* _WHAT THE EXERCISE ASKS_
Return the whole listing unchanged. Drop the images.

* _DATASET EXTRACT_
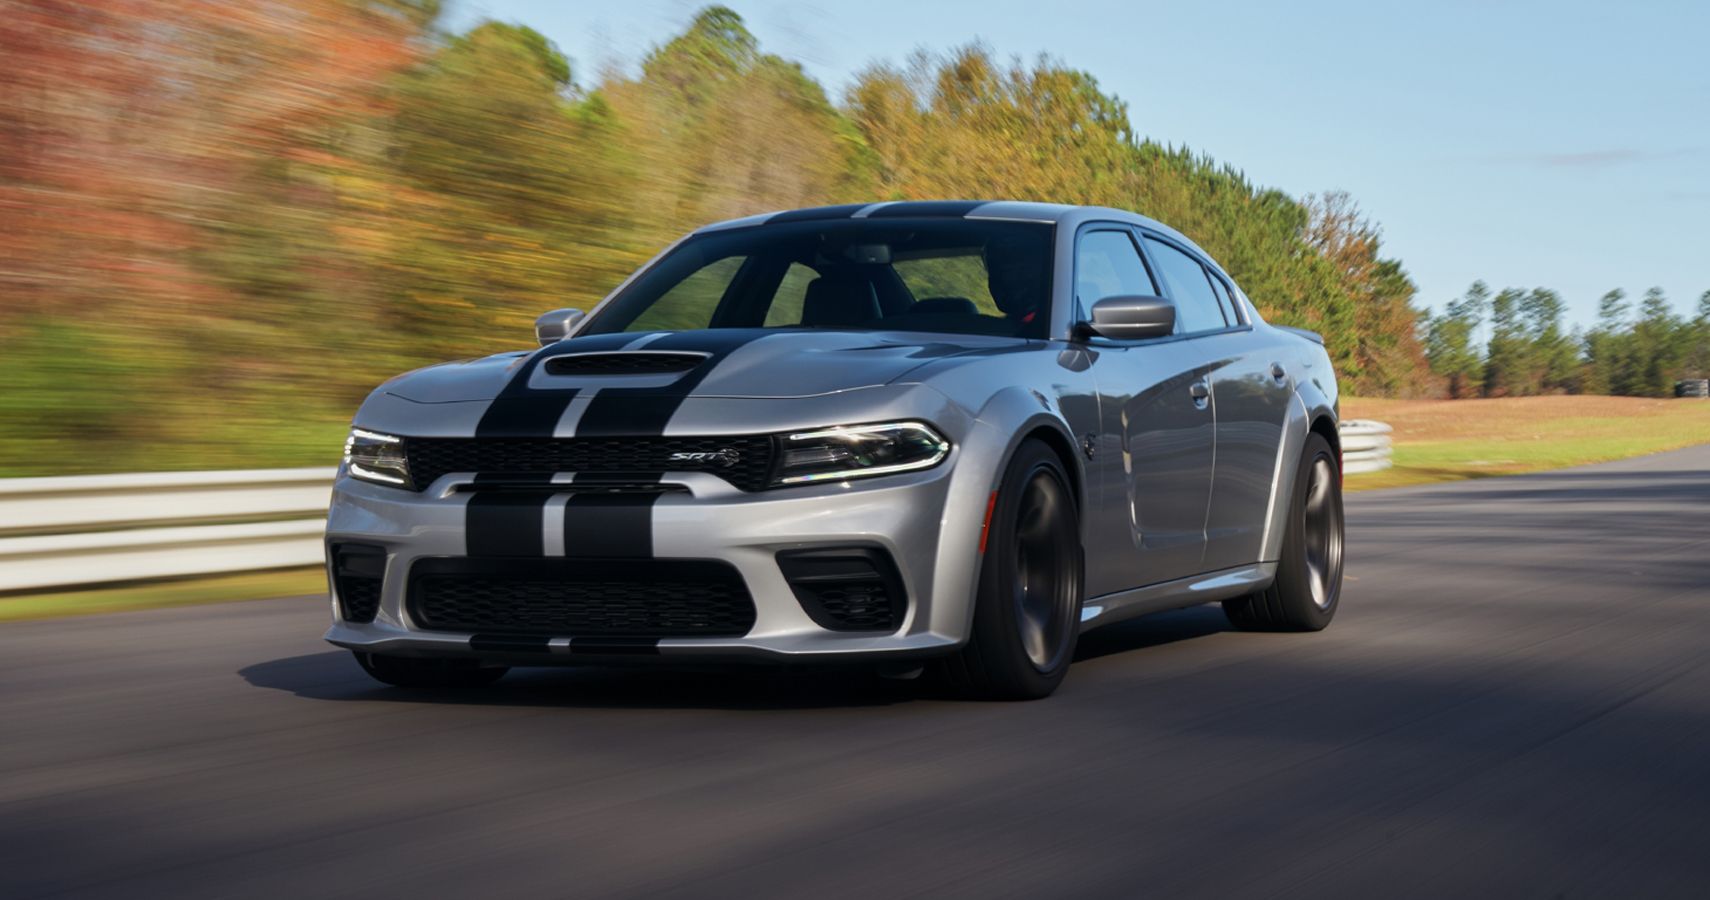 2023 Dodge Charger SRT Hellcat Redeye Most Powerful And Fastest Mass-Produced Sedan
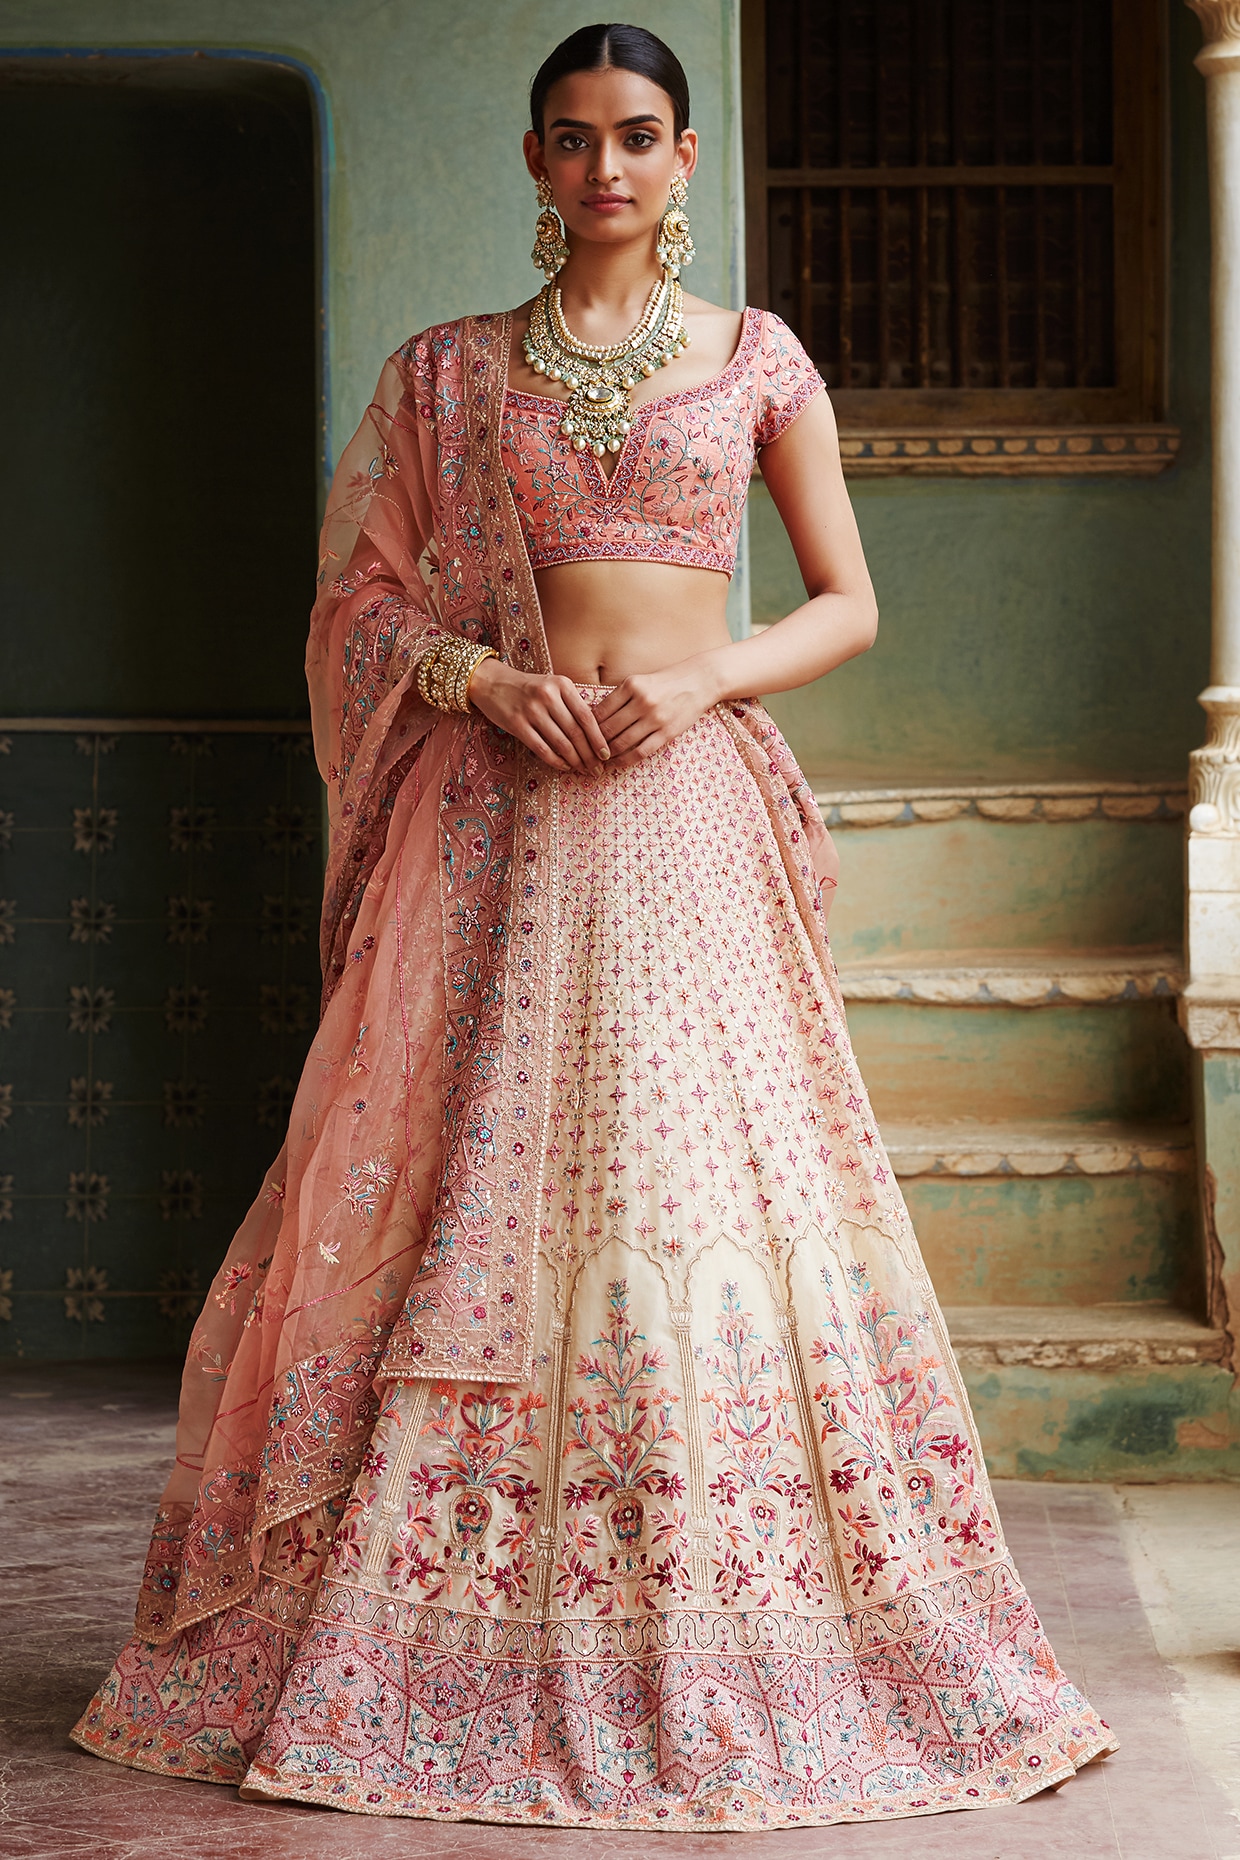 Exquisite Embroidered Lehenga by Rahul Mishra - Indian Couture 2020
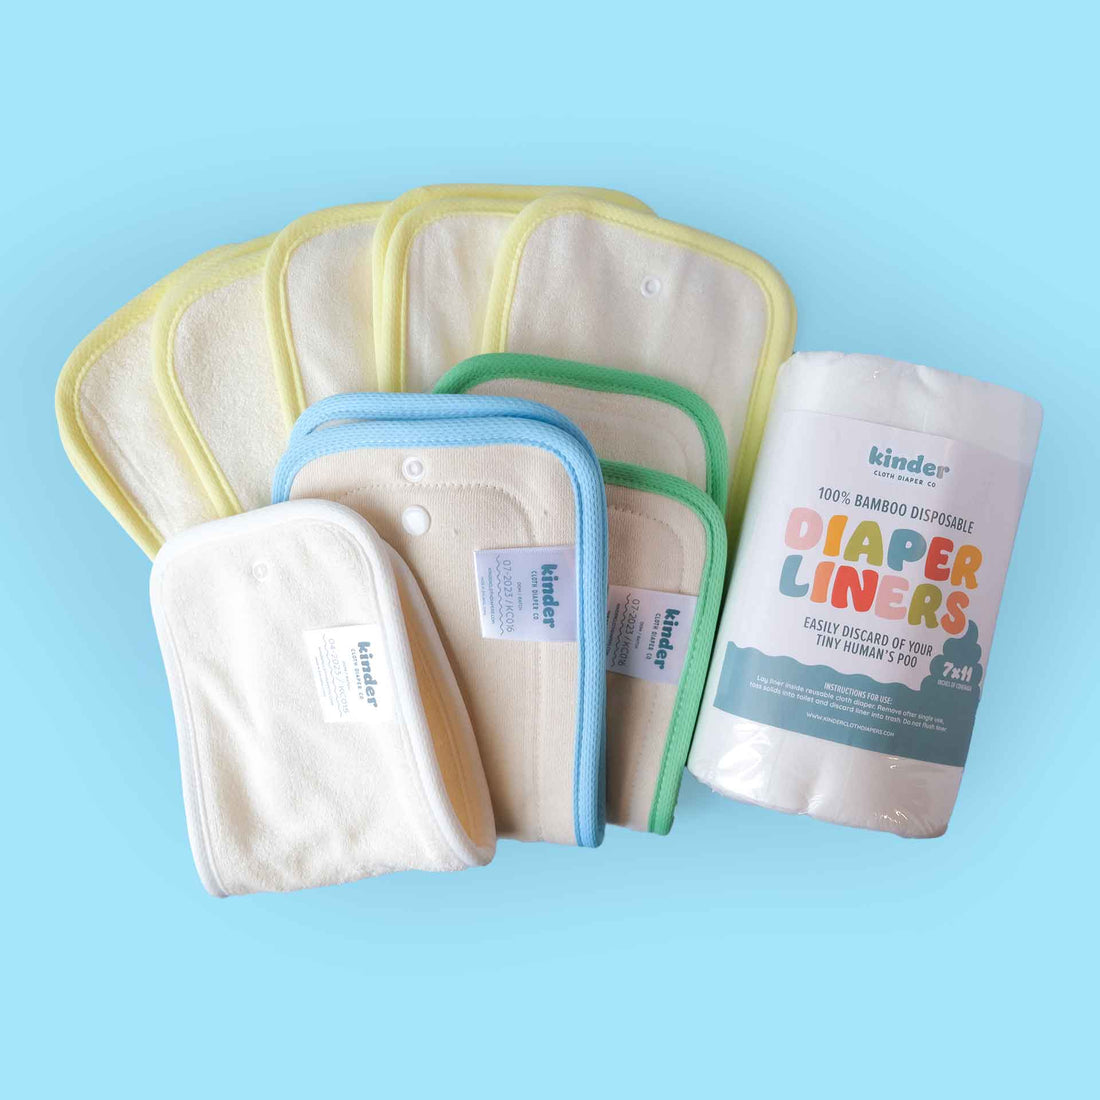 New Parent Starter Bundle: Set of 5 Pocket Cloth Diapers with Athletic Wicking Jersey and More

* _RESPONSE_
 2023 Dodge Charger SRT Hellcat Redeye Most Powerful And Fastest Mass-Produced Sedan
 Exquisite Embroidered Lehenga by Rahul Mishra - Indian Couture 2020
 New Parent Starter Bundle: Set of 5 Pocket Cloth Diapers with Athletic Wicking Jersey and More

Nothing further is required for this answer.